Vice-admiral of the Chilean Navy (1847–1914)

Luis Uribe Orrego (August 13, 1847 – July 17, 1914) was a vice-admiral of the Chilean Navy and a hero of the War of the Pacific.

Luis Uribe was born in Copiapó, the son of Juan José Uribe and of Rosario Orrego. He joined the navy on August 20, 1858, at the age of 9, and graduated from the naval academy on July 16, 1861, as a midshipman. His first post was on the "Esmeralda", where he travelled to the extreme south of Chile, to the Juan Fernández Islands and to Peru. Uribe was promoted to ensign (equivalent of army's Second Lieutenant) in 1869, and the next year participated on a scientific expedition to Easter Island, where they prepared a topographic study.

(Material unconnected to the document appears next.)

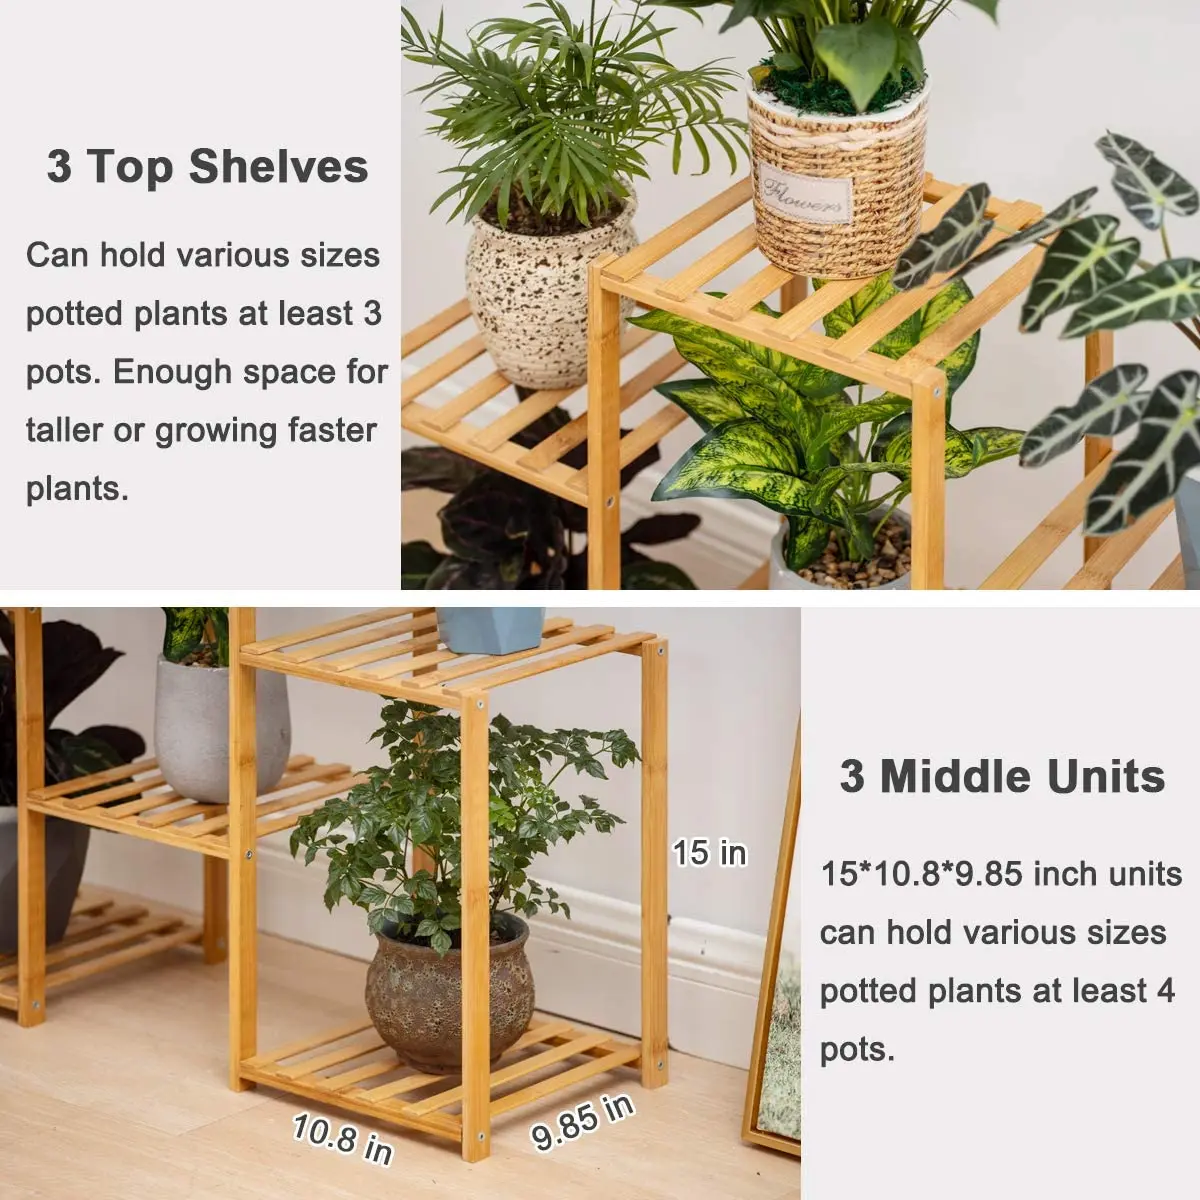 Custom Bamboo Wood Ladder Plant Stand 3-tier Foldable Organizer Flower Display Shelf Rack For Home Patio Lawn Garden

In 1872, he was sent as part of a naval mission to England, under command of Admiral José Anacleto Goñi, who was in charge of contracting the construction of 3 new ships. While there he met a Mrs. Newlove, a widow, of whom he fell in love. Admiral Goñi denied him permission to marry her, but he ignored the command and still went ahead with the wedding in 1874. As a result, he was relieved of his duties and court-martialled. He was finally clear of all charges after being defended by his classmate and lawyer Arturo Prat. In 1875, he was in charge of a hydrographic expedition to the coasts of Aconcagua, work for which he received a prize at the International Exposition of Santiago of 1875. He also wrote a Treatise on Hydrography that became the study text for the naval academy.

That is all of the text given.